Given information =>
***

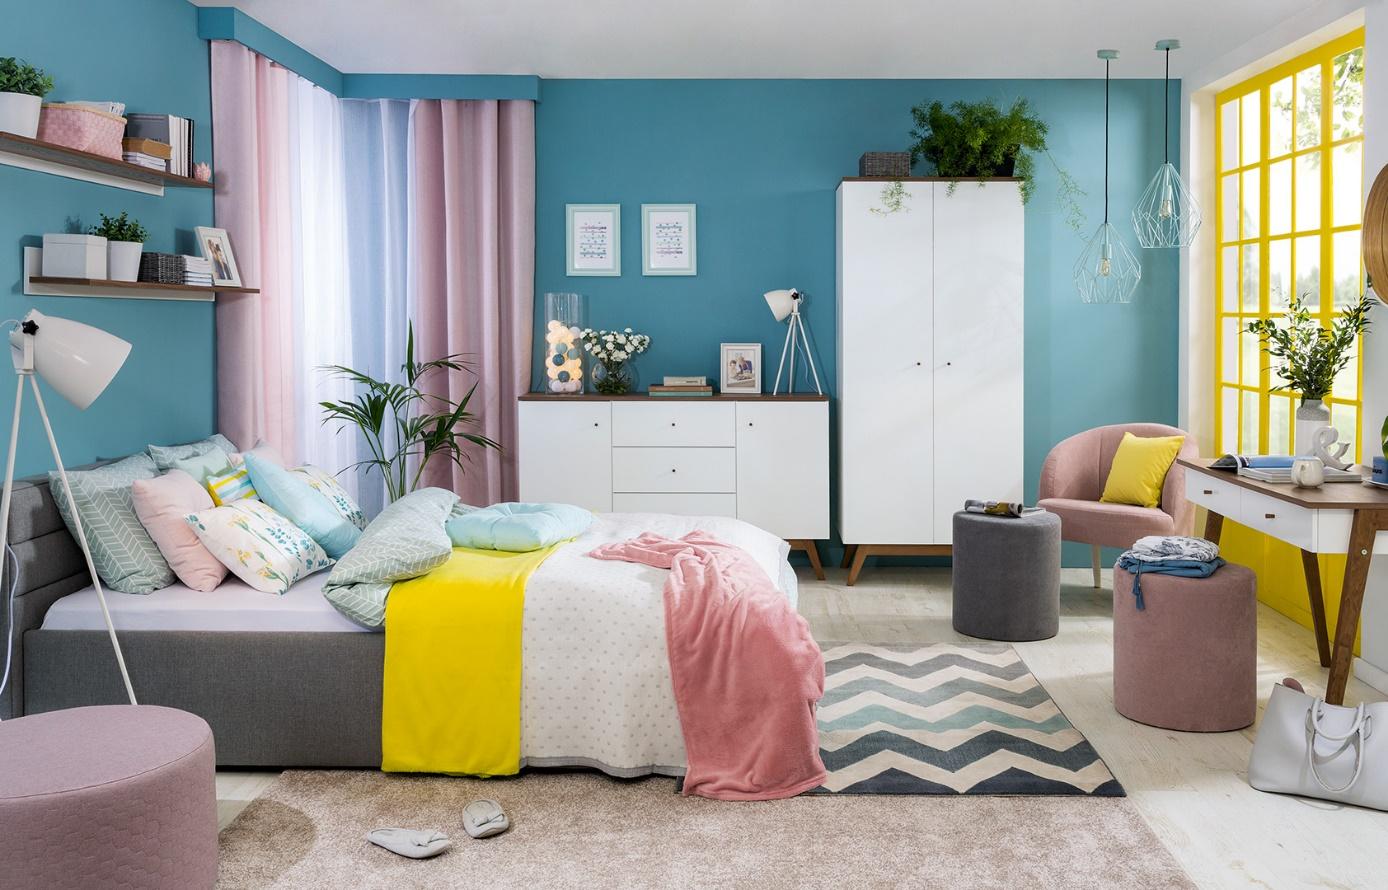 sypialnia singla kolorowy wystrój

***

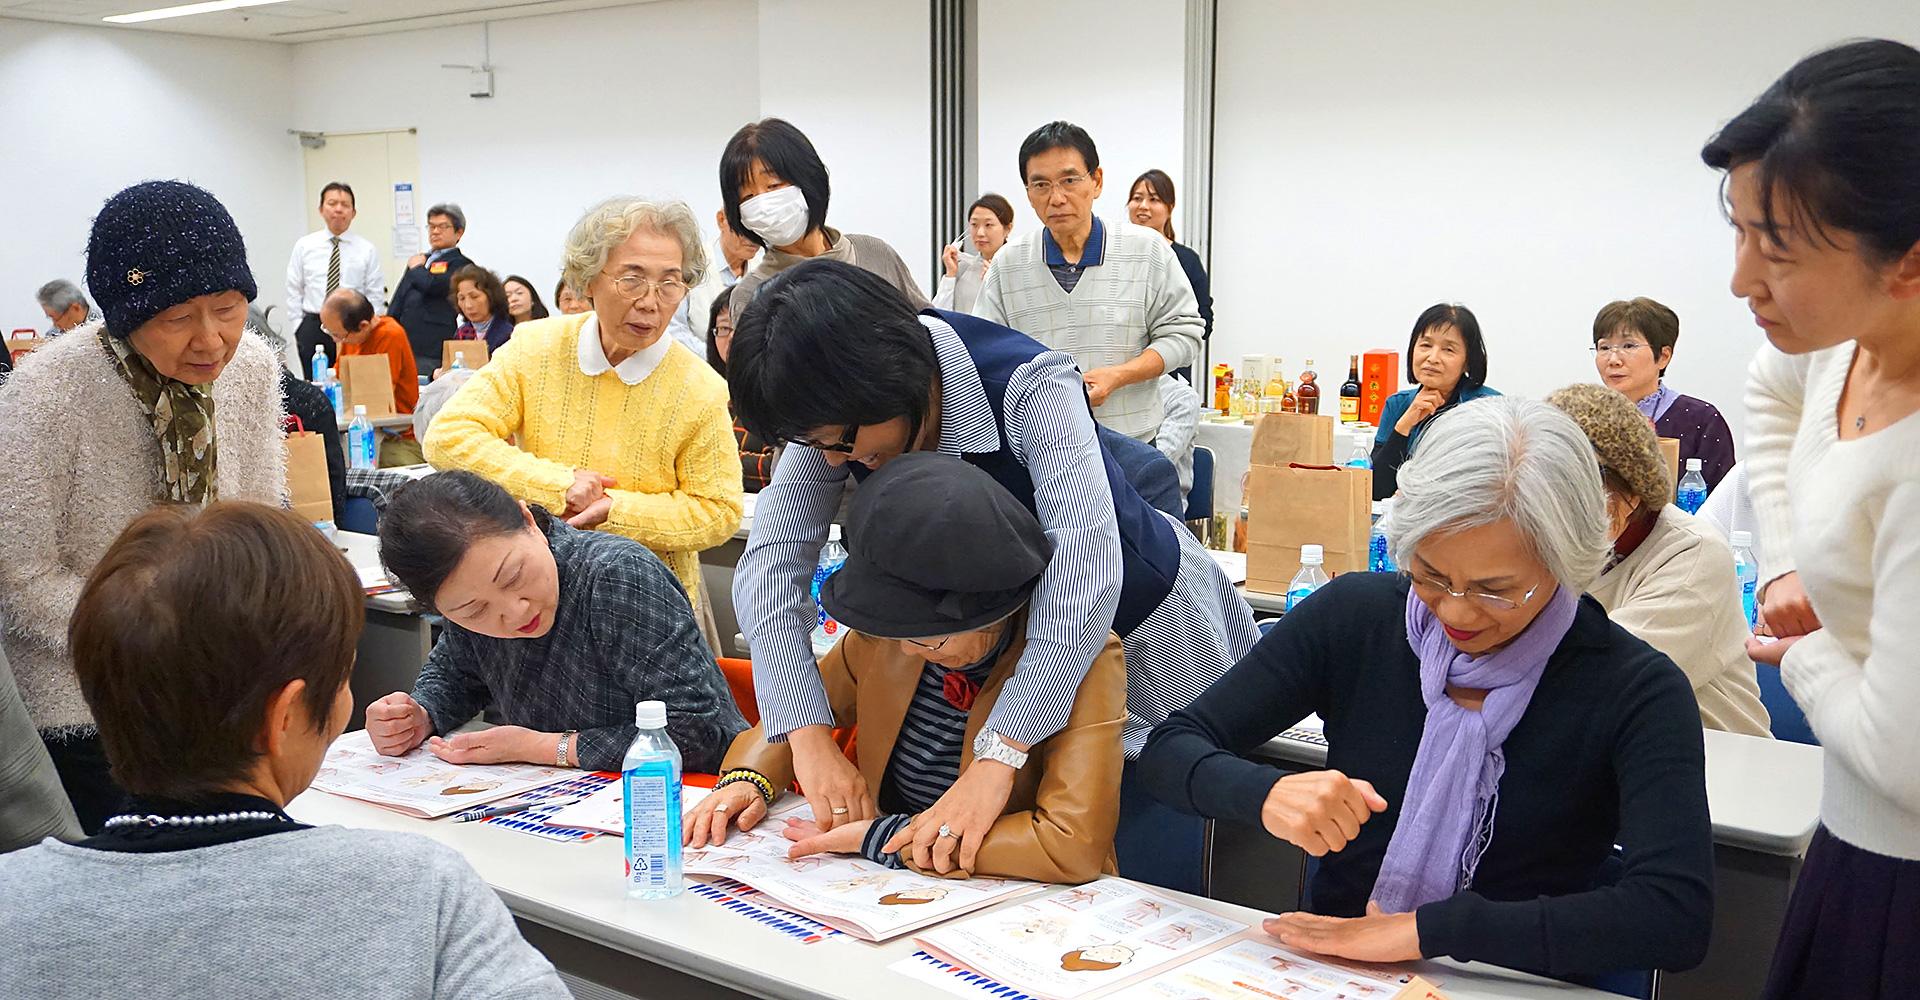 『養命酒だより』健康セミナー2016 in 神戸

***

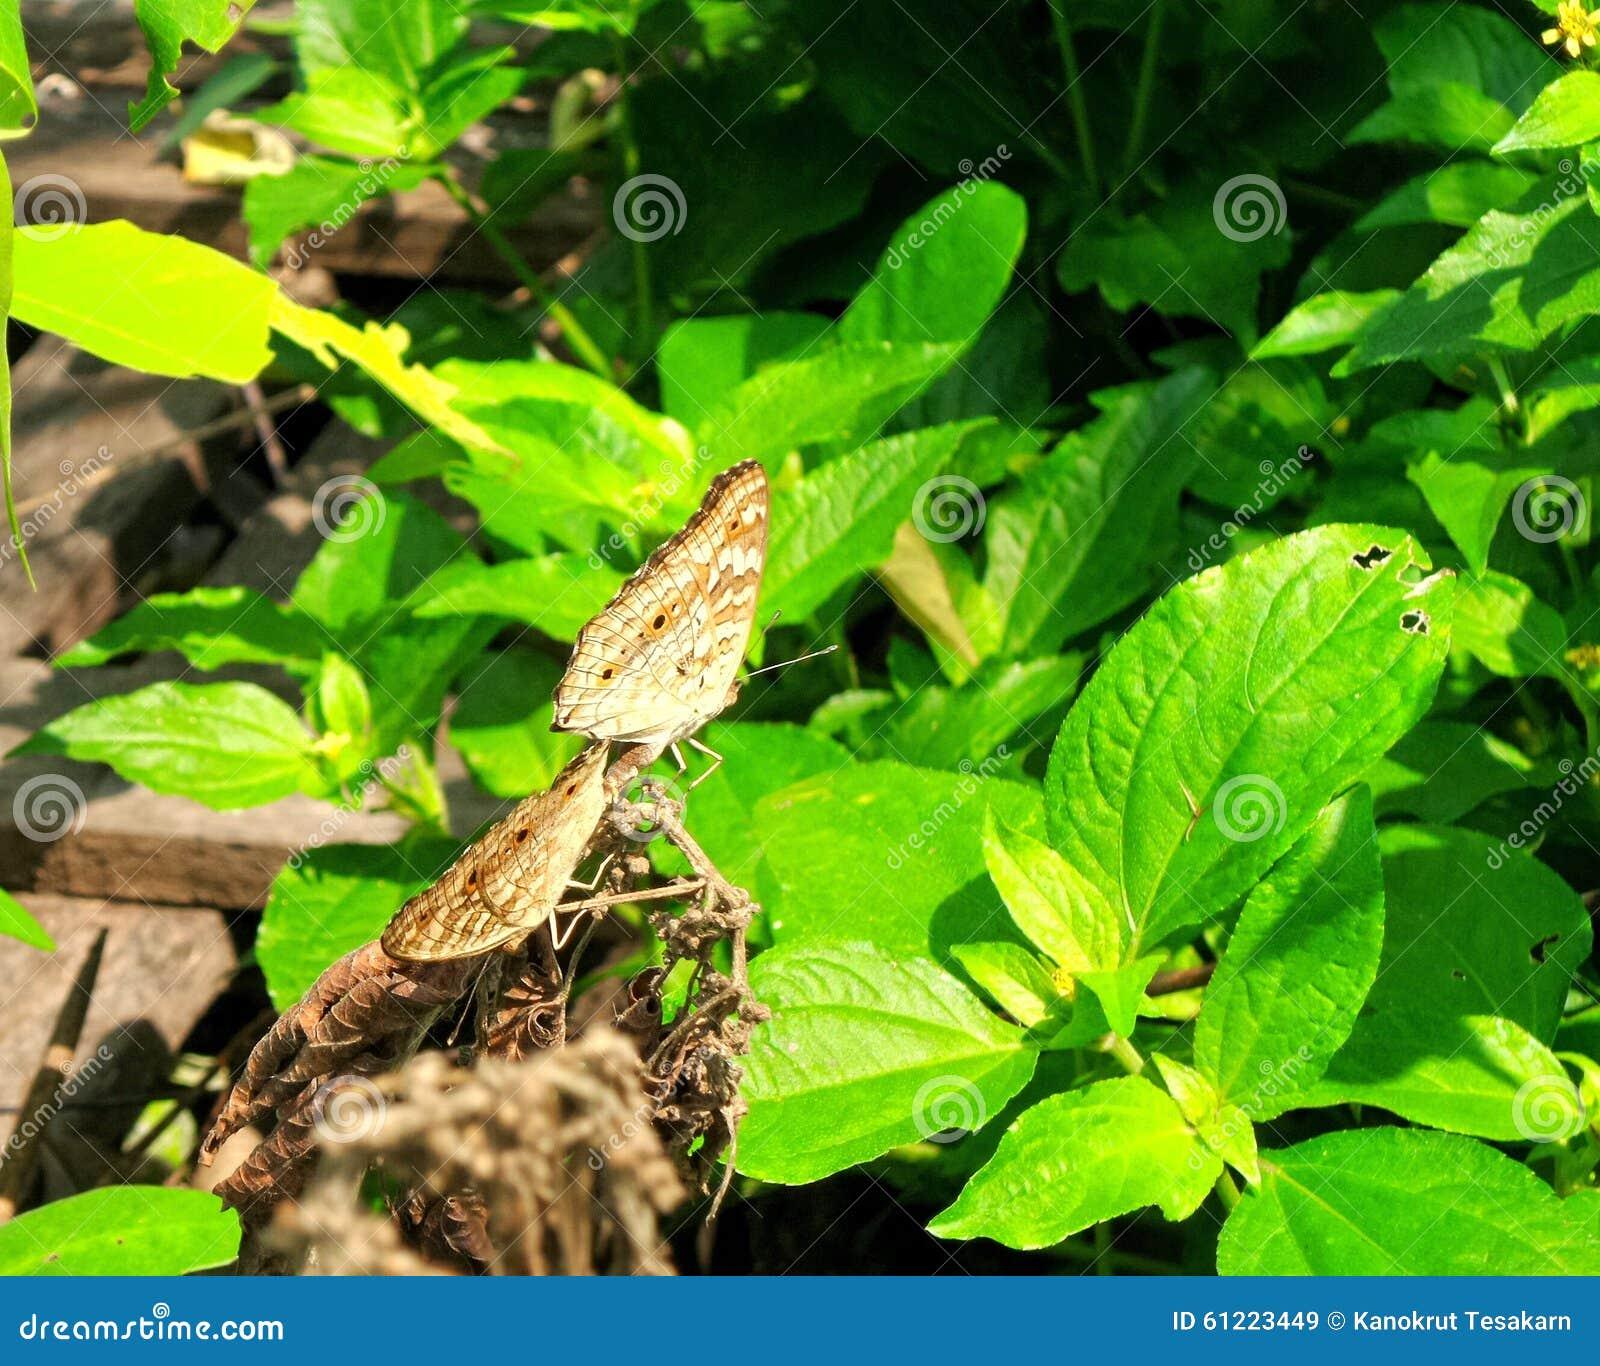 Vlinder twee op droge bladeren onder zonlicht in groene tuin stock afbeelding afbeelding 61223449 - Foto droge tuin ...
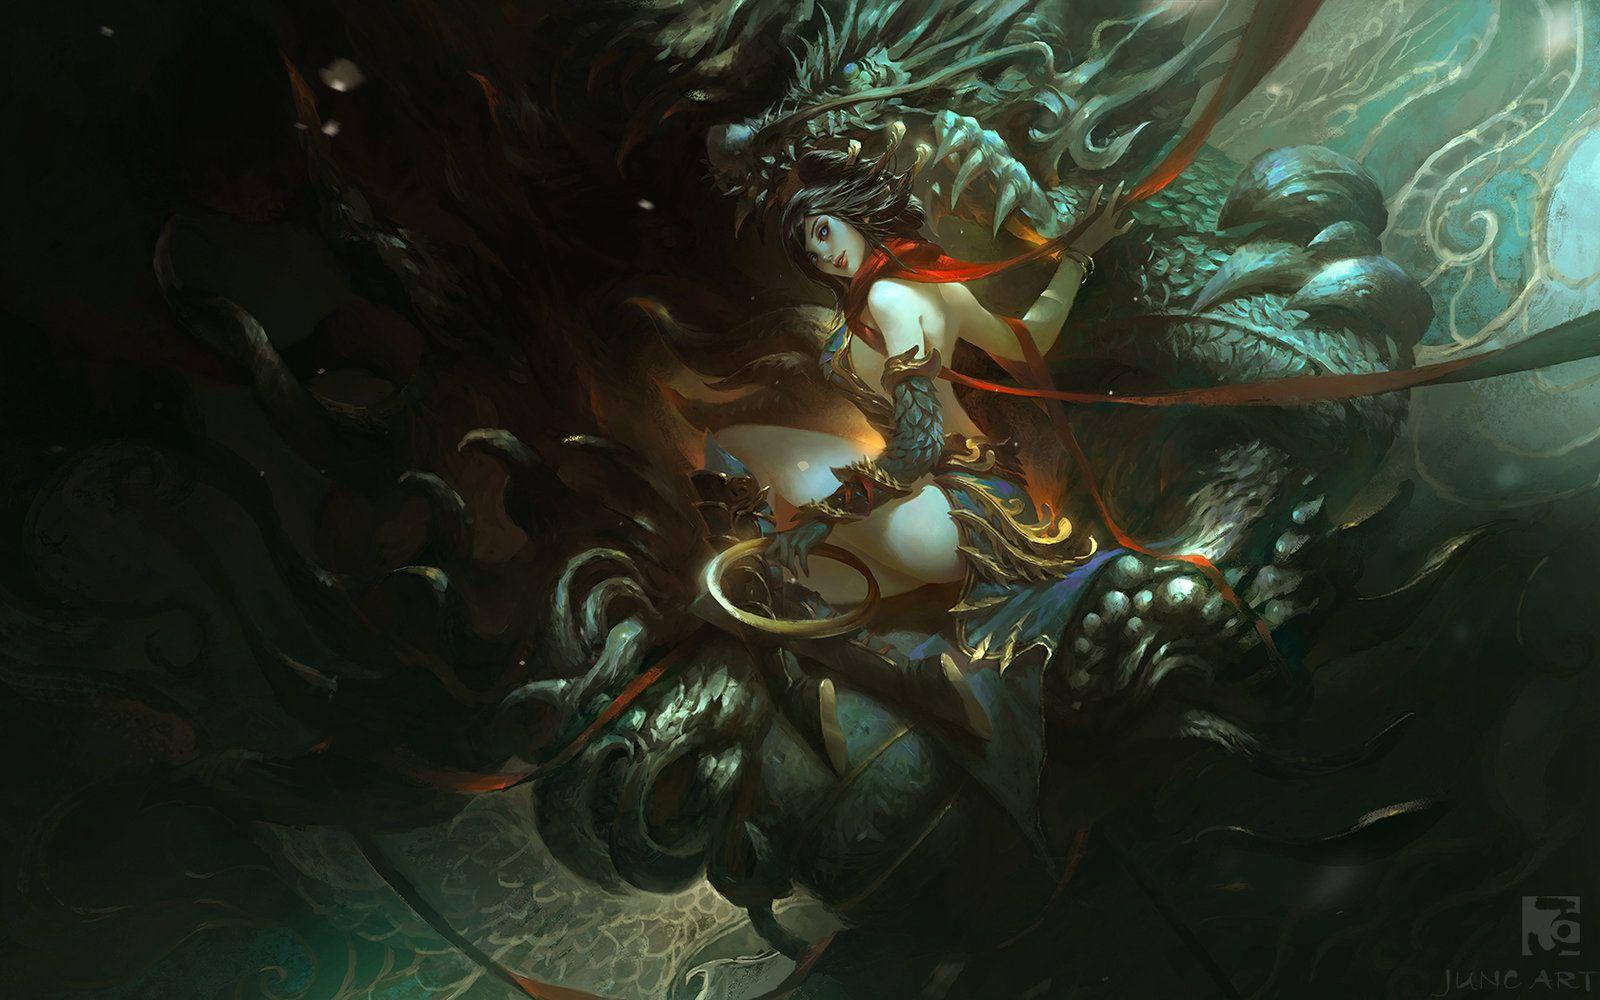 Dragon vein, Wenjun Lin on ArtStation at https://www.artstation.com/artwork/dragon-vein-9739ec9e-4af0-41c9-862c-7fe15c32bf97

***

Within the listing above, write out the stretch from the line with "Vlinder twee op" through the line with "Dragon vein, Wenjun" exactly. Any pictures are to be left out.

Expected answer =>
 Vlinder twee op droge bladeren onder zonlicht in groene tuin stock afbeelding afbeelding 61223449 - Foto droge tuin ...
 Dragon vein, Wenjun Lin on ArtStation at https://www.artstation.com/artwork/dragon-vein-9739ec9e-4af0-41c9-862c-7fe15c32bf97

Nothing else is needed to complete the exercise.